**SUPPLIED INFORMATION**
* * *
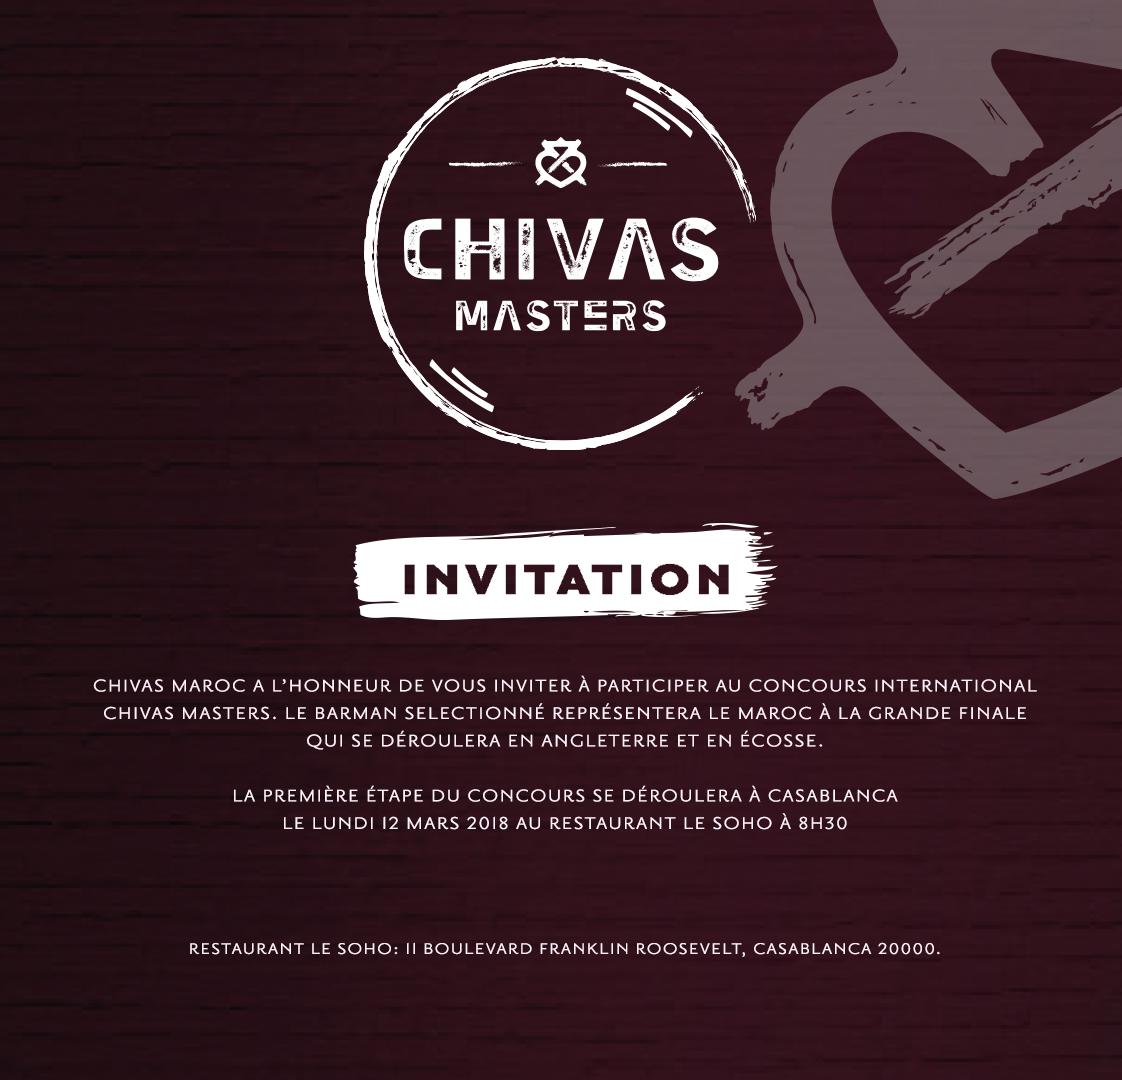 CHIVAS-MASTER-INVITATION-revue.png
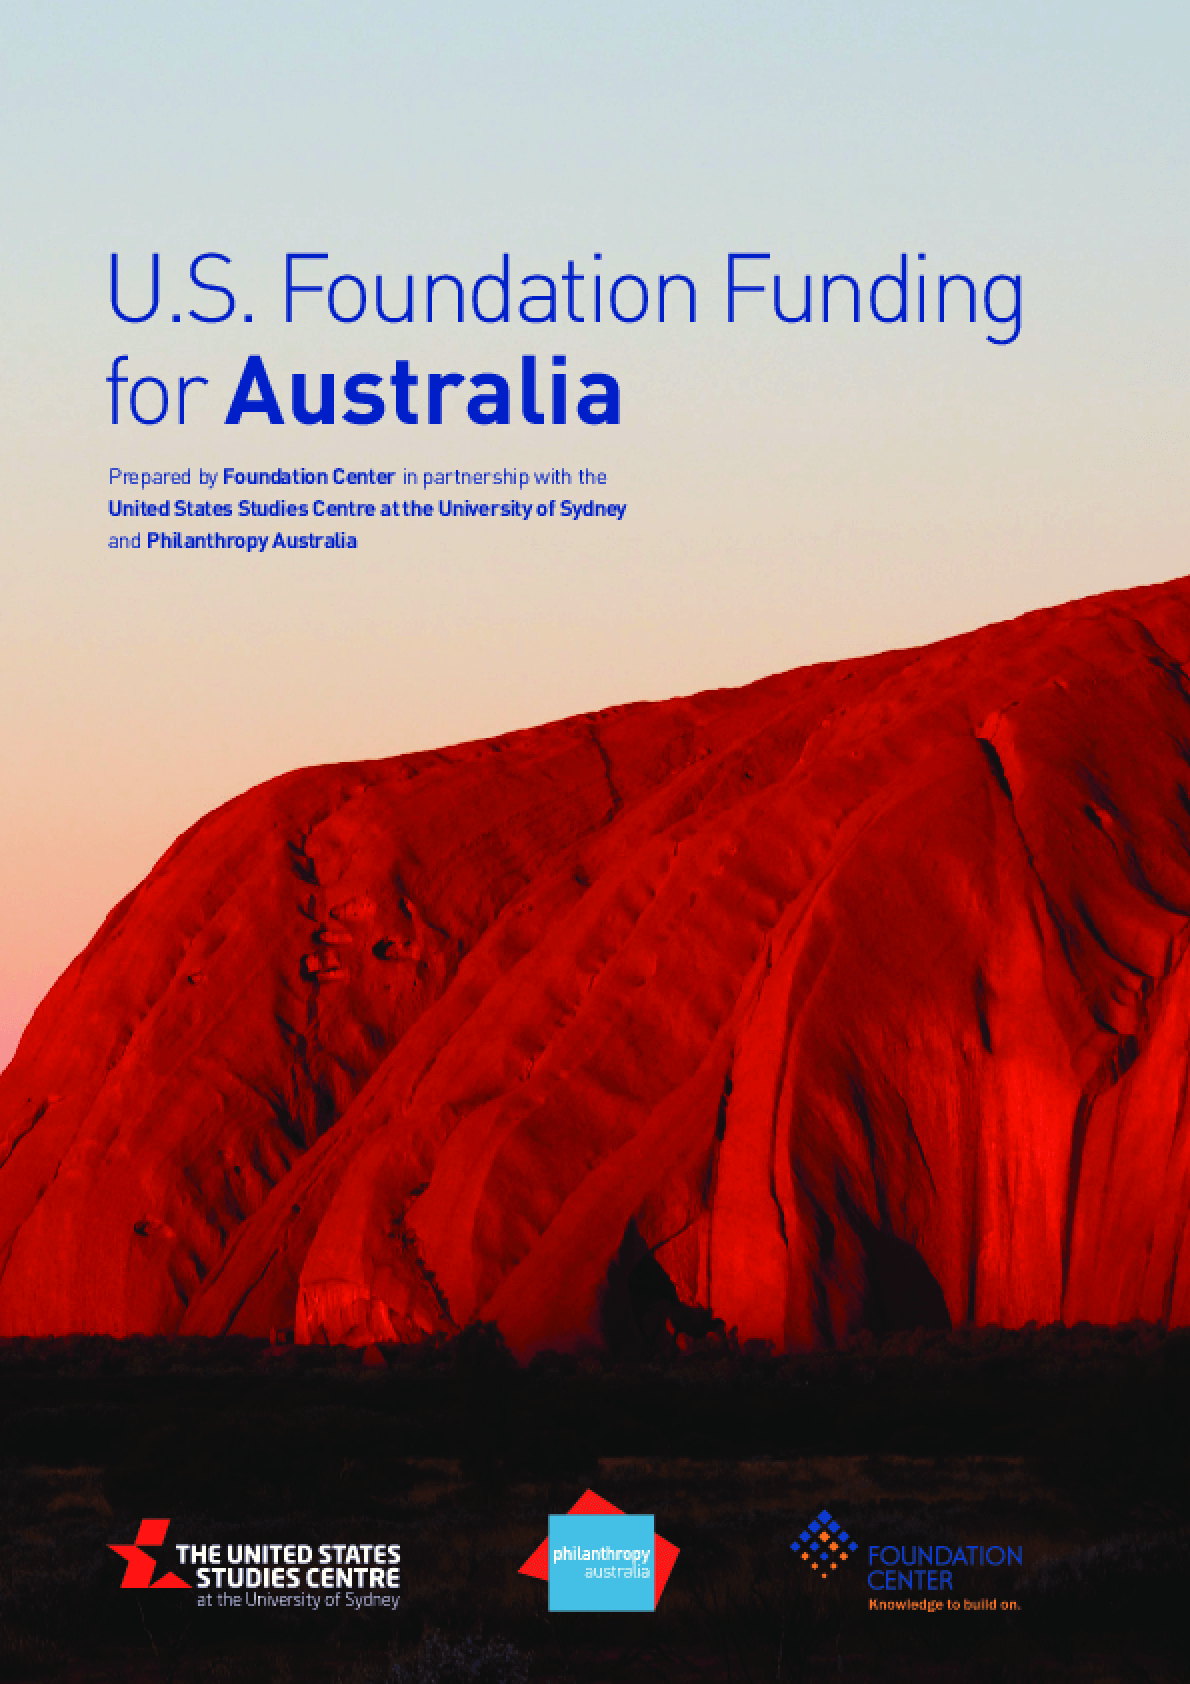 U.S. Foundation Funding for Australia
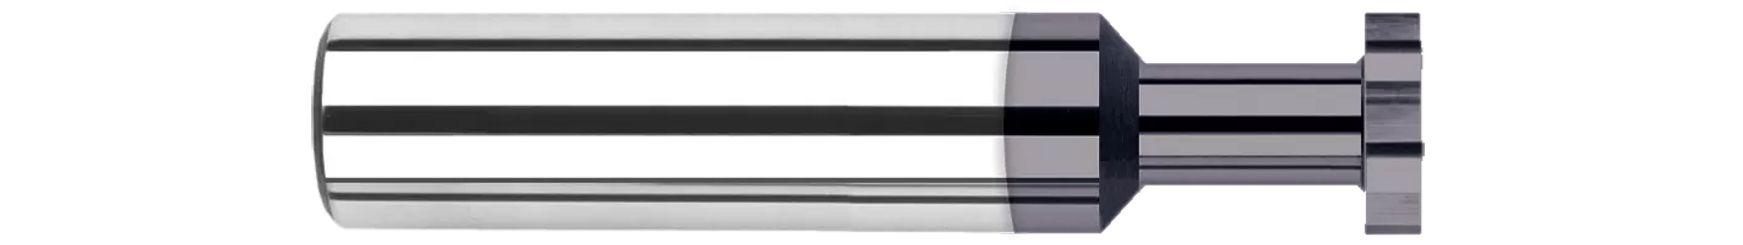 Keyseat Cutters - Retaining Ring Keyseat Cutters
* * *
**WHAT TO DO**
The data needs to be reproduced exactly, please, apart from its pictures.

**SOLUTION TO THIS TASK**
 CHIVAS-MASTER-INVITATION-revue.png
 U.S. Foundation Funding for Australia
 Keyseat Cutters - Retaining Ring Keyseat Cutters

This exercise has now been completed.